O velho sonho de que armas de precisão significariam menos munições é uma fantasia. Dados os estoques atuais, doar até mesmo alguns tanques ou obuses pode causar sérios problemas para as capacidades de uma força. Assim, entregar à Ucrânia até 20 MBTs Leclerc, por exemplo, prejudica as capacidades do exército francês, visto que a França tem apenas cerca de 200 deles, sem provocar uma mudança na situação da ucrânia. A França já entregou uma parte significativa de seus preciosos obuses autopropulsados CAESAR, que somavam apenas 70, e substituí-los agora é um sério desafio. As indústrias de defesa francesa e européia em geral trabalham apenas para substituir itens mais antigos, quanto mais para fornecer grandes estruturas de força, o que explica a lista crescente de clientes para a indústria sul-coreana por exemplo. Para o proeminente analista militar Michel Goya, a conclusão é clara: a França não pode enfrentar nem mesmo um adversário do mesmo nível.

AMX-56 LECLERC
https://www.warfareblog.com.br/2015/08/nexter-amx-56-leclerc-cavalaria-pesada.html

A França não pode simplesmente evitar novas tecnologias caras e retornar aos exércitos de massa do passado. O presidente francês Emmanuel Macron evocou a ideia de uma “economia de guerra”, mas o consenso na França é que isso é impossível por razões financeiras e políticas. Parte do problema é que, embora seja verdade que, por exemplo, a produção francesa de obuses e vários sistemas de mísseis guiados é atualmente lamentavelmente inadequada, produzir essas coisas em uma escala muito maior não é uma tarefa fácil. A empresa que faz o CAESAR produz atualmente quatro peças por mês e deve atingir um ritmo de seis por mês até dezembro e oito por mês até meados de 2024. Progresso, com certeza, mas lento. A França também não pretende reiniciar a produção de tanques. Por que? tem um novo tanque em andamento, um produto franco-alemão destinado a substituir o Leclerc e o Leopard 2, mas não está programado para ser produzido até 2035 e, presumivelmente, há um limite para o quanto esse processo pode ser acelerado. Pode-se também supor com segurança que o novo tanque será significativamente mais caro do que o Leclerc ou o Leopard 2. Finalmente, ninguém discute seriamente um retorno ao serviço militar obrigatório e o recrutamento militar em massa, que é o que tornou possível os exércitos em massa do século passado.

CAESAR MkI
https://tecnodefesa.com.br/franca-adquire-mais-24-caesar/

Então, o que a França pode fazer entre a massa e a qualidade?

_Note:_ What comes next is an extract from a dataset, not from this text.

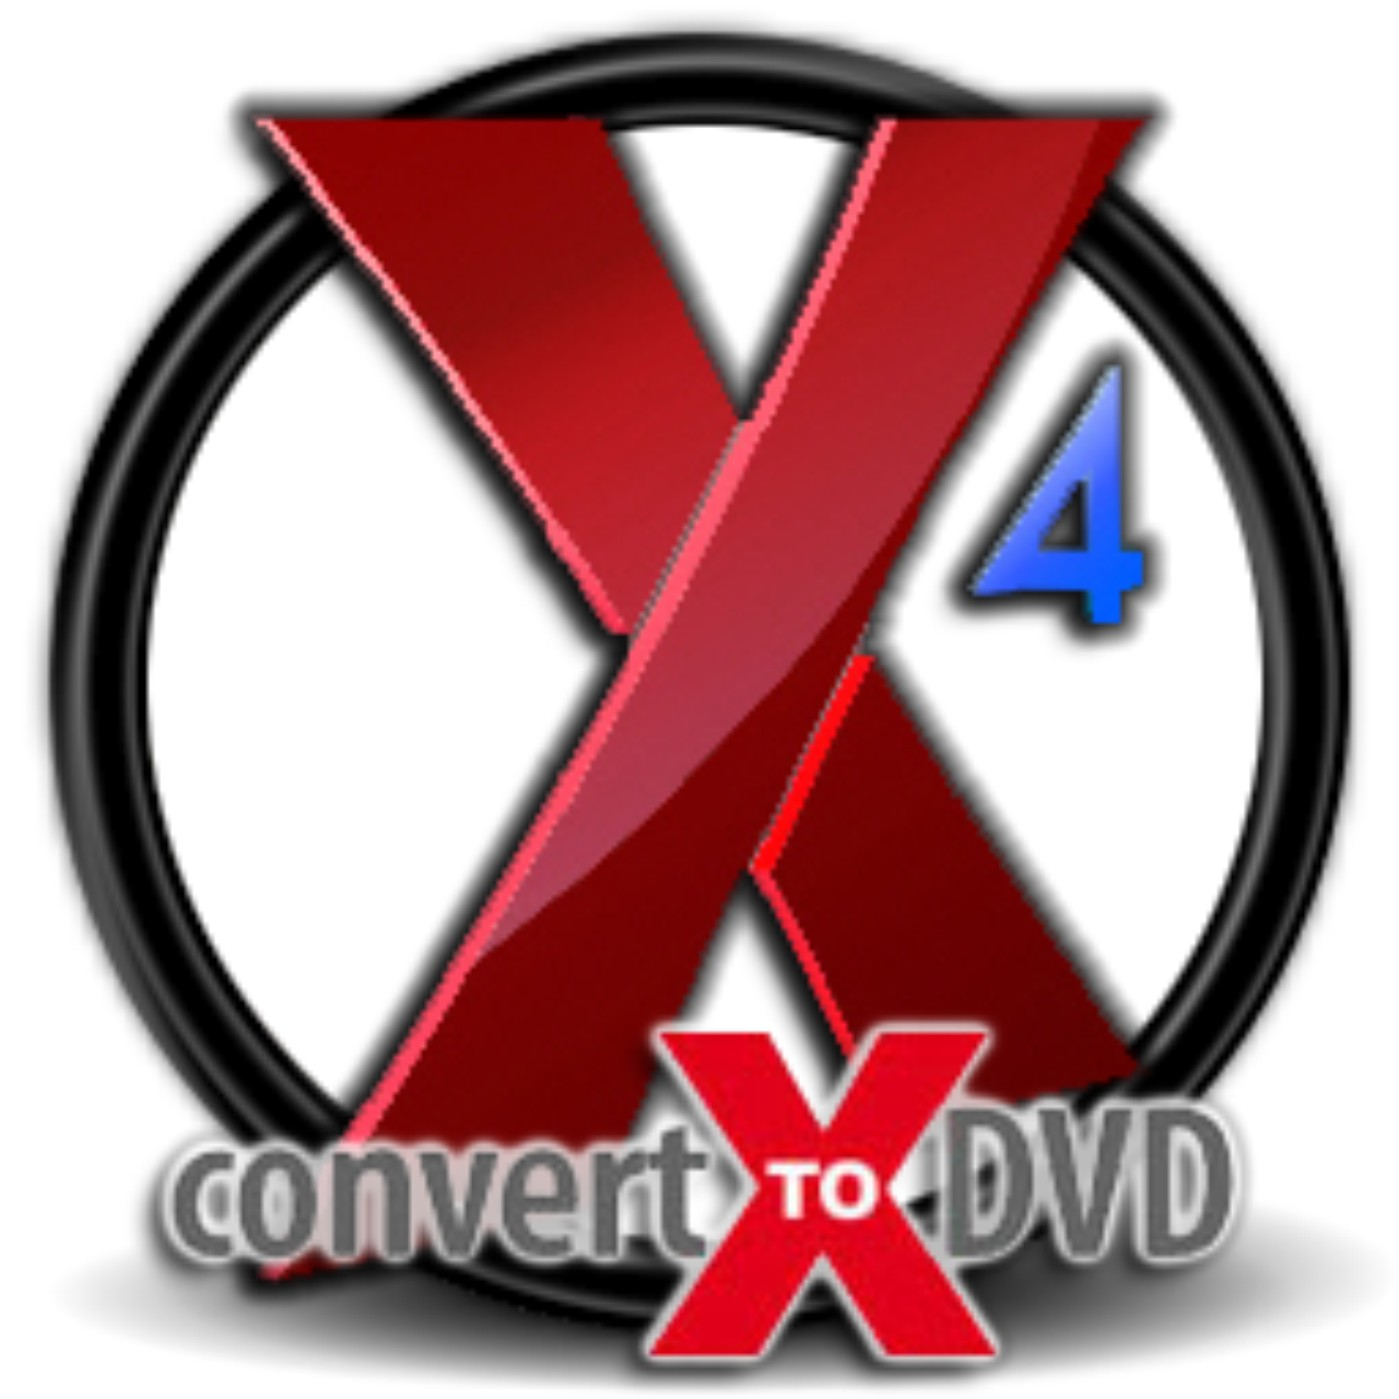 ConvertXtoDVD 4 rus + ключ.

O governo francês espera encontrar algumas economias adotando uma abordagem particular para seus investimentos em tecnologia. Em última análise, analisando o estado atual do debate nos círculos políticos e militares franceses demonstra que o país continua comprometido com a qualidade e com a forma de guerra que vem sendo aprimorando desde 1940.

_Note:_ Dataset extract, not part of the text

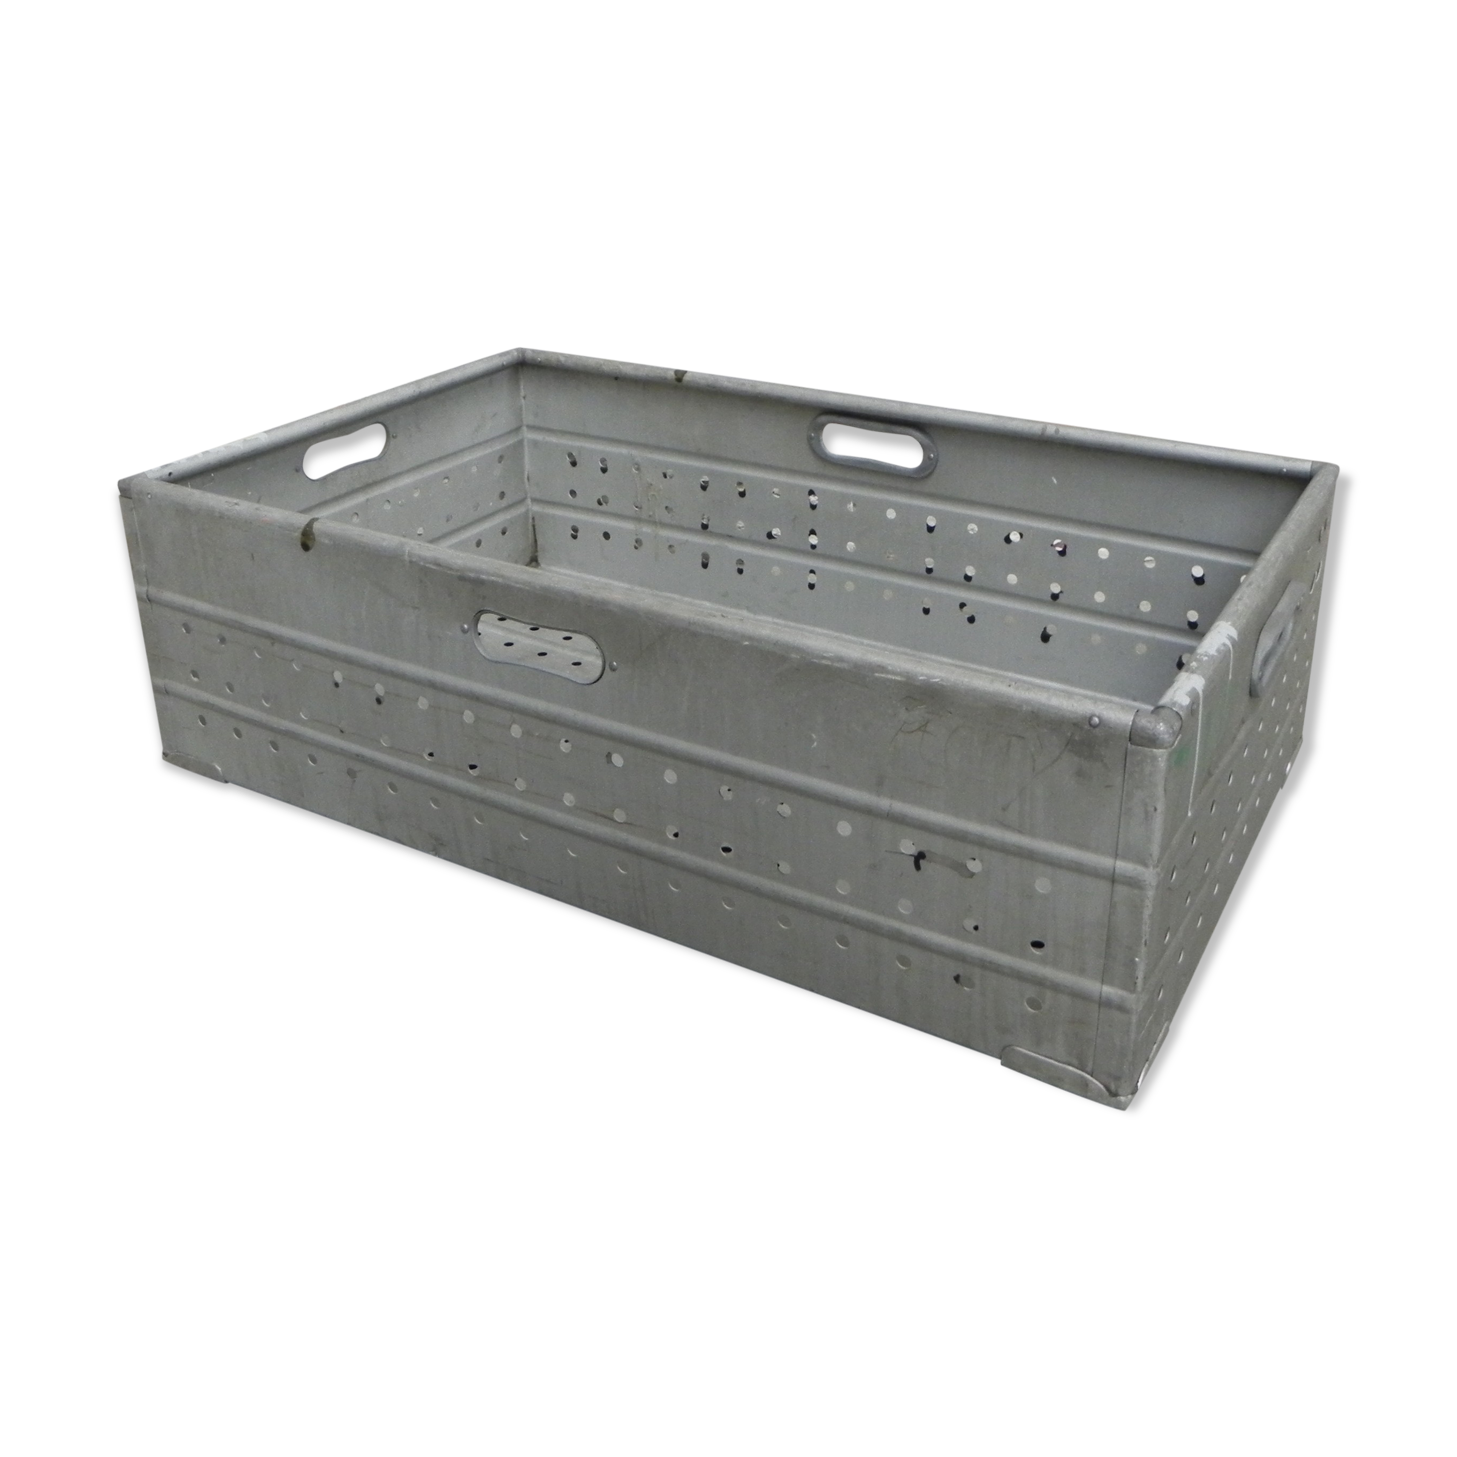 Caisse industrielle en aluminium

O estilo francês de guerra de alta intensidade

A abordagem francesa para a guerra de alta intensidade desde a calamidade de 1940 tem privilegiado a manobra, a velocidade e a “audácia” em detrimento da massa e do poder de fogo. Esta foi uma reação às doutrinas que surgiram na Primeira Guerra Mundial, muitas vezes associadas ao general Philippe Pétain, que contribuíram para a organização de uma força que, em 1940, era vasta em tamanho e poder de fogo, mas pesada e inflexível quando atacada pelas rápidas formações blindadas e mecanizadas da Wehrmacht em movimento e muito mais ágil. A nova abordagem centrada na manobra encontrou reforço na experiência colonial do exército francês e em suas doutrinas expedicionárias, que também promoveram audácia e improvisação na ausência de números e recursos. Essa cultura colonial tem uma profunda influência nas forças armadas francesas até os dias de hoje por causa de uma variedade de fatores institucionais e da realidade de que, como um oficial da Legião Estrangeira diz o “exército é o que ele faz”. O exército francês na maior parte do tempo nas últimas décadas esteve ocupado com pequenas guerras na África.

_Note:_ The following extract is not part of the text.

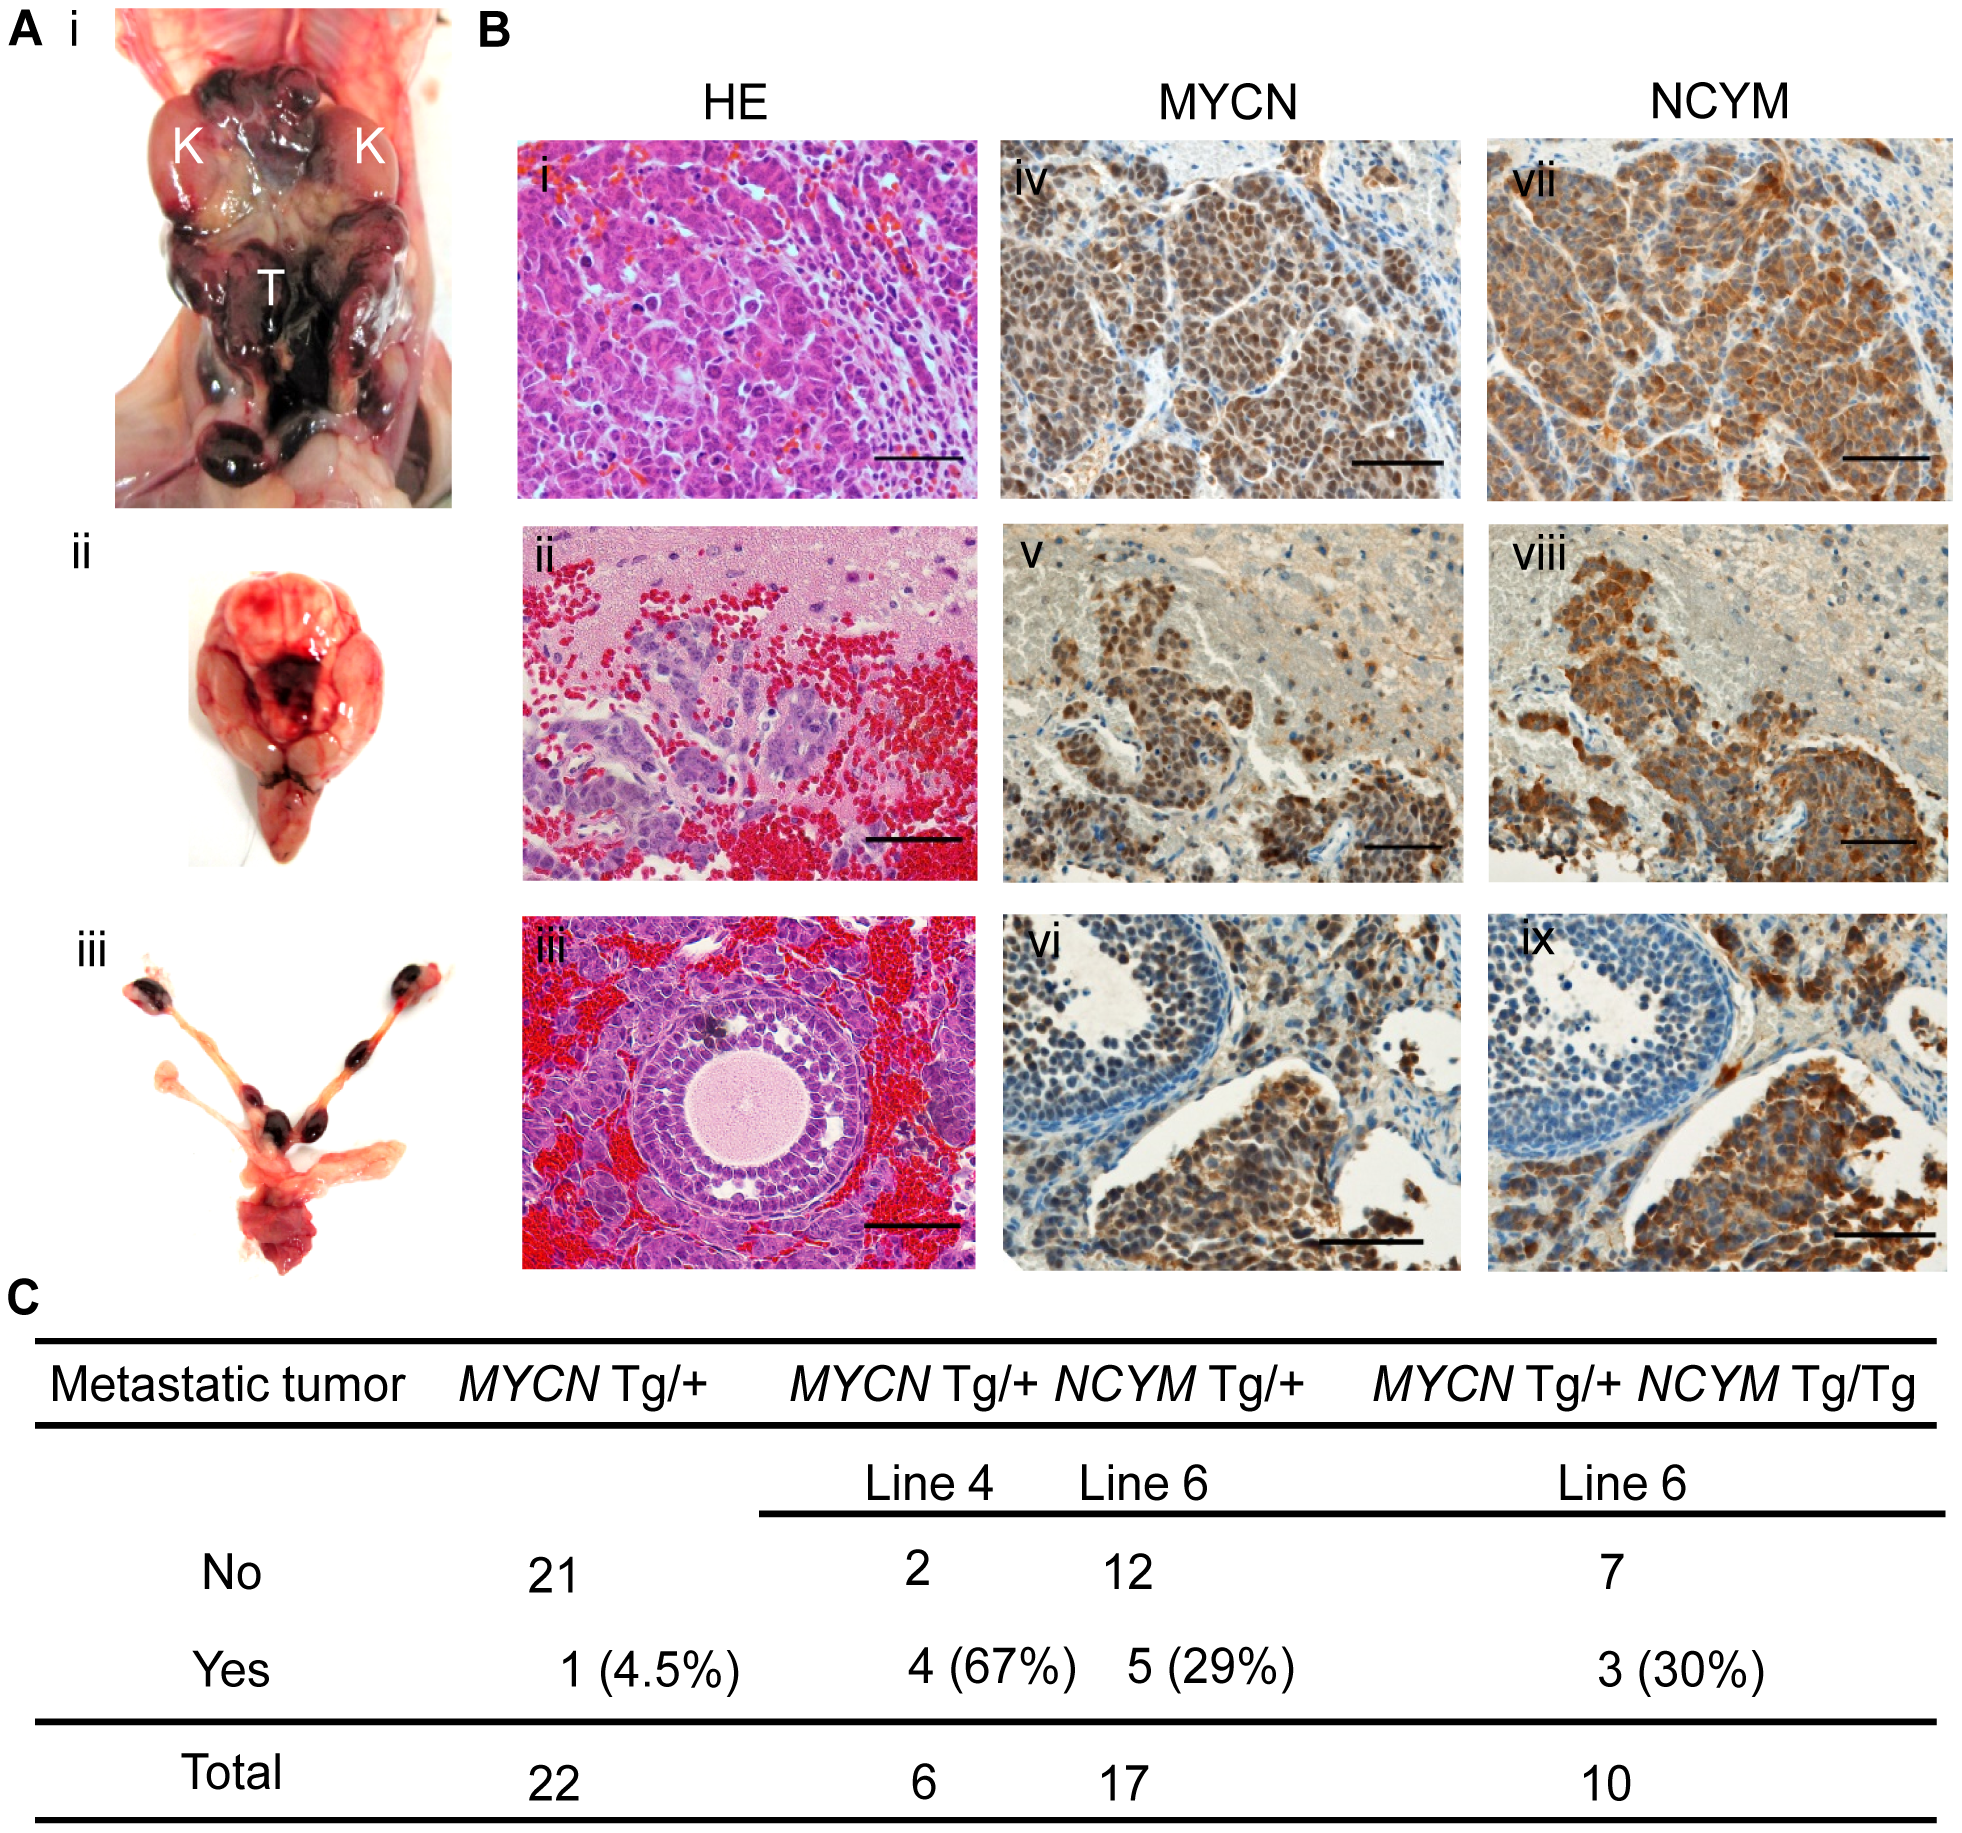 NCYM promotes metastasis in mouse transgenic models of neuroblastoma.

http://www.military-today.com/tanks/amx_30.htm

Claro, o que esse exército é útil no Mali, mas é muito menos útil, digamos, em Donetsk. Historicamente, porém, o pensamento militar francês em relação a um conflito com o Pacto de Varsóvia refletia essa mesma abordagem da guerra, aumentada pelo pensamento militar francês sobre o significado estratégico das armas nucleares. As unidades pesadas da França, baseadas no recrutamento, estacionadas na Alemanha, foram projetadas para defender a França em solo alemão, lutando contra manobras agressivas no estilo blitzkrieg contra adversários muito maiores e mais poderosos. Os franceses calcularam que nunca teriam poder de fogo e massa suficientes para fazer o contrário. Assim, por exemplo, os tanques franceses da era da Guerra Fria, incluindo o AMX-30, ofereciam menos proteção do que os tanques americanos da mesma época: seus projetistas apostavam em velocidade e manobrabilidade.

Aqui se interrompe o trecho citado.